Let  n₁ and n₂  be the number of moles of Helium and oxygen gases respectively, and  v₀  be volume of each vessel.  Then from equation of state
$n_1=\frac{P_0{V}_0}{R{T}_0}$  and  $n_2=\frac{4P_0{V}_0}{R\left(2T_0\right)}=\frac{2P_0{V}_0}{R{T}_0}$
$\Rightarrow n_2=2n_1$ 
If T is the final temperature, then the initial total internal energy (kinetic) of the two  gases must be equal to that of the final mixture.

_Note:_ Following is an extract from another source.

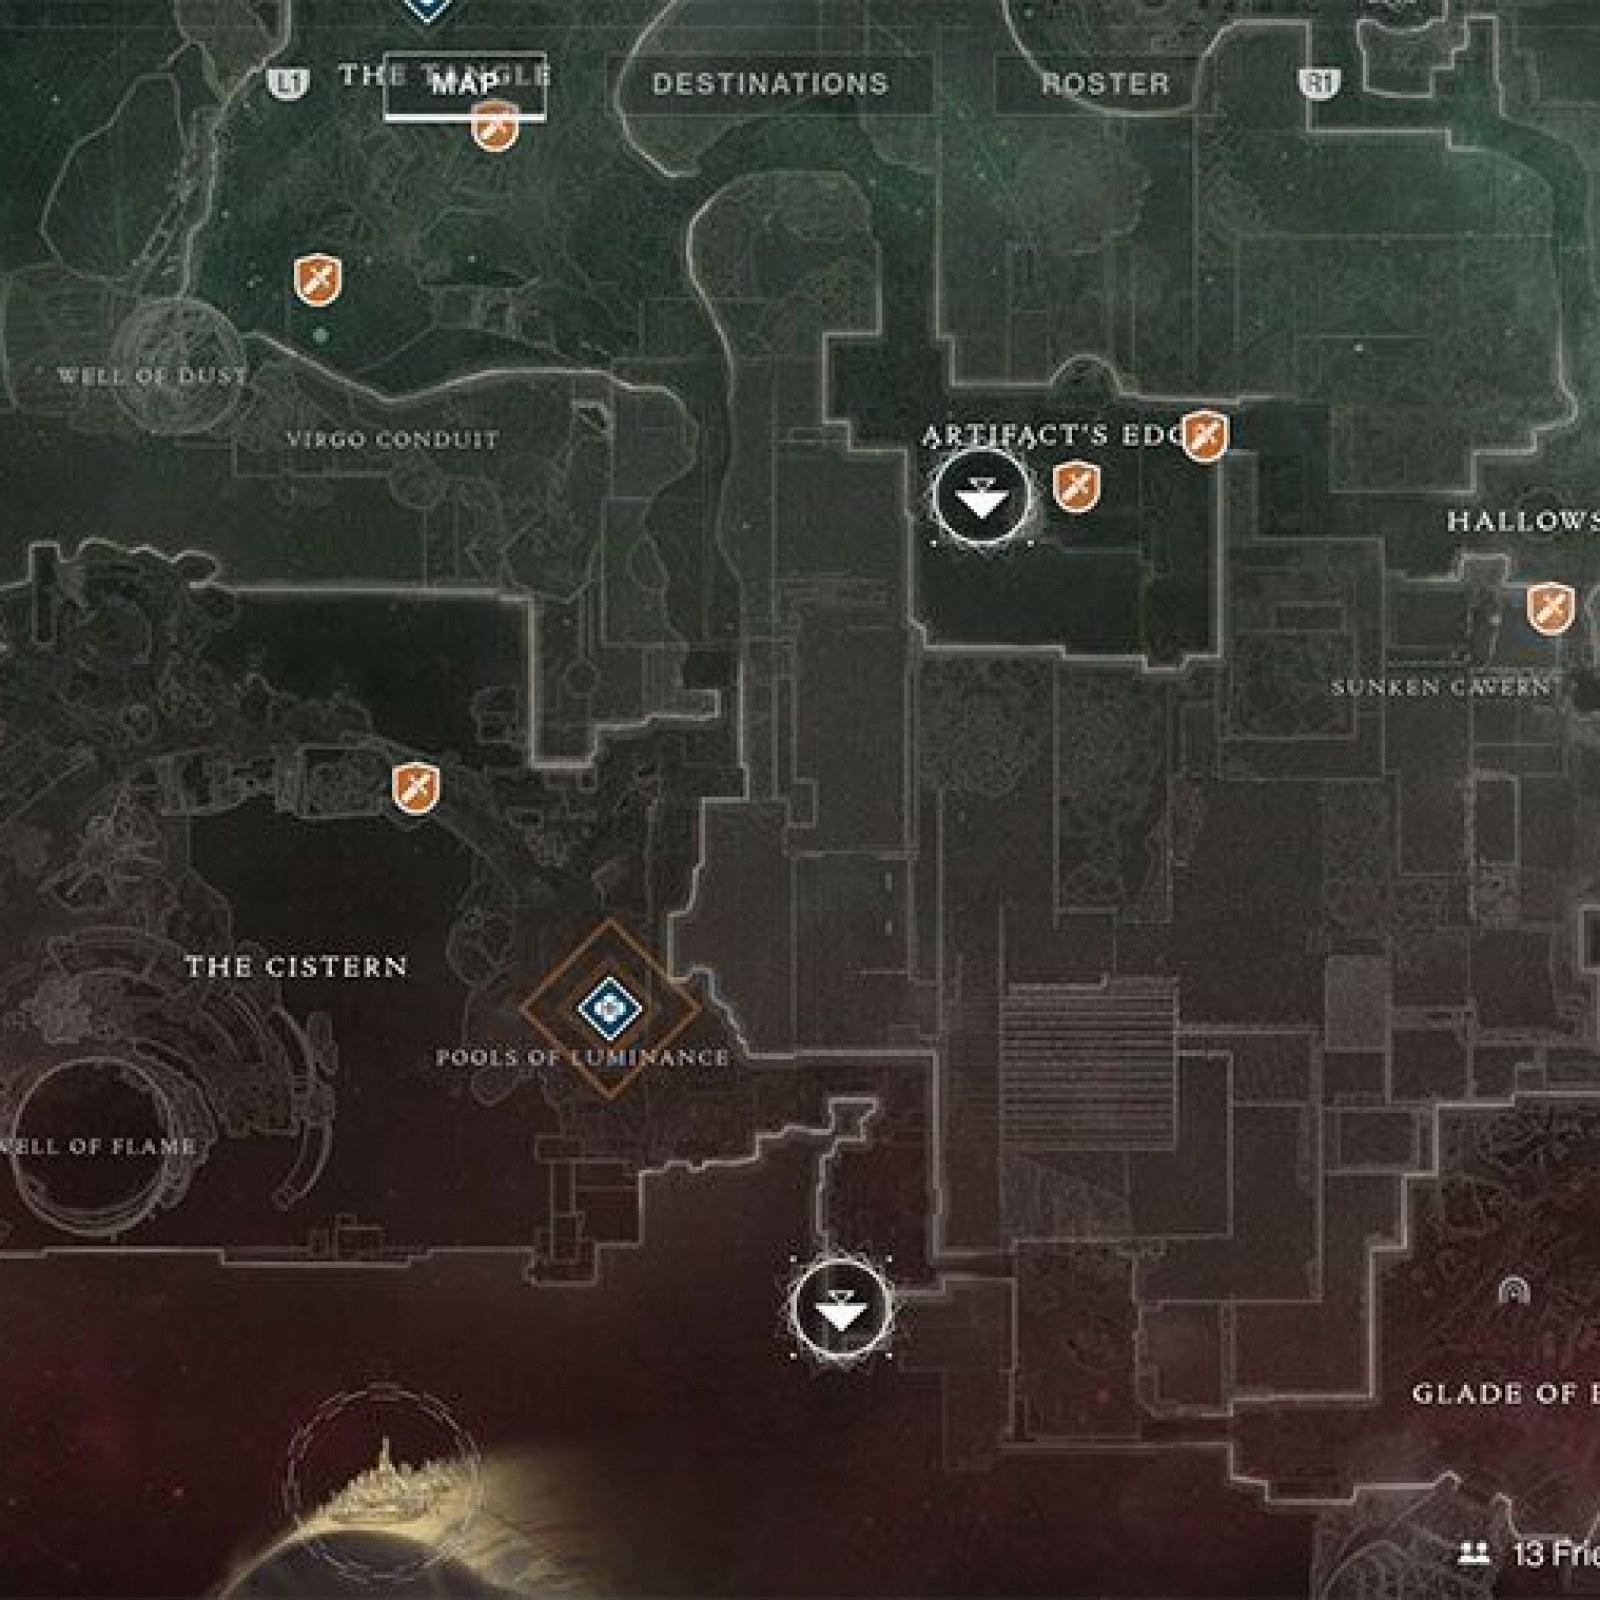 Destiny 2' All Spider Bounty Locations - Drain, Excavation

$\begin{array}{l}{\mathrm{U}}_{\mathrm{i}}={\mathrm{n}}_1\left(\frac{3{\mathrm{RT}}_0}{2}\right)+{\mathrm{n}}_2\left(\frac{5\mathrm{R}\left(2{\mathrm{T}}_0\right)}{2}\right)\\ {\mathrm{U}}_{\mathrm{f}}={\mathrm{n}}_1\left(\frac{3\mathrm{RT}}{2}\right)+{\mathrm{n}}_2\left(\frac{5\mathrm{RT}}{2}\right)\\ {\mathrm{U}}_{\mathrm{i}}={\mathrm{U}}_{\mathrm{f}}\text{ gives }\\ \mathrm{T}={\mathrm{T}}_0\left(\frac{3{\mathrm{n}}_1+10{\mathrm{n}}_2}{3{\mathrm{n}}_1+5{\mathrm{n}}_2}\right)={\mathrm{T}}_0\left(\frac{3{\mathrm{n}}_1+20{\mathrm{n}}_1}{3{\mathrm{n}}_1+10{\mathrm{n}}_1}\right)=\frac{23}{13}{\mathrm{T}}_0\end{array}$ 
The final pressure P will be given by
$P\left(2V_0\right)=\left(n_1+n_2\right)RT$

$\Rightarrow P=\frac{\left(n_1+n_2\right)RT}{2V_0}=\frac{3n_{1}RT}{2V_0}$

$\Rightarrow P=\frac{3R}{2V_0}\left(n_1\right)\left(T\right)=\frac{3R}{2V_0}\left(\frac{P_0{V}_0}{R{T}_0}\right)\left(\frac{23}{13}{T}_0\right)=\frac{69}{26}{P}_0$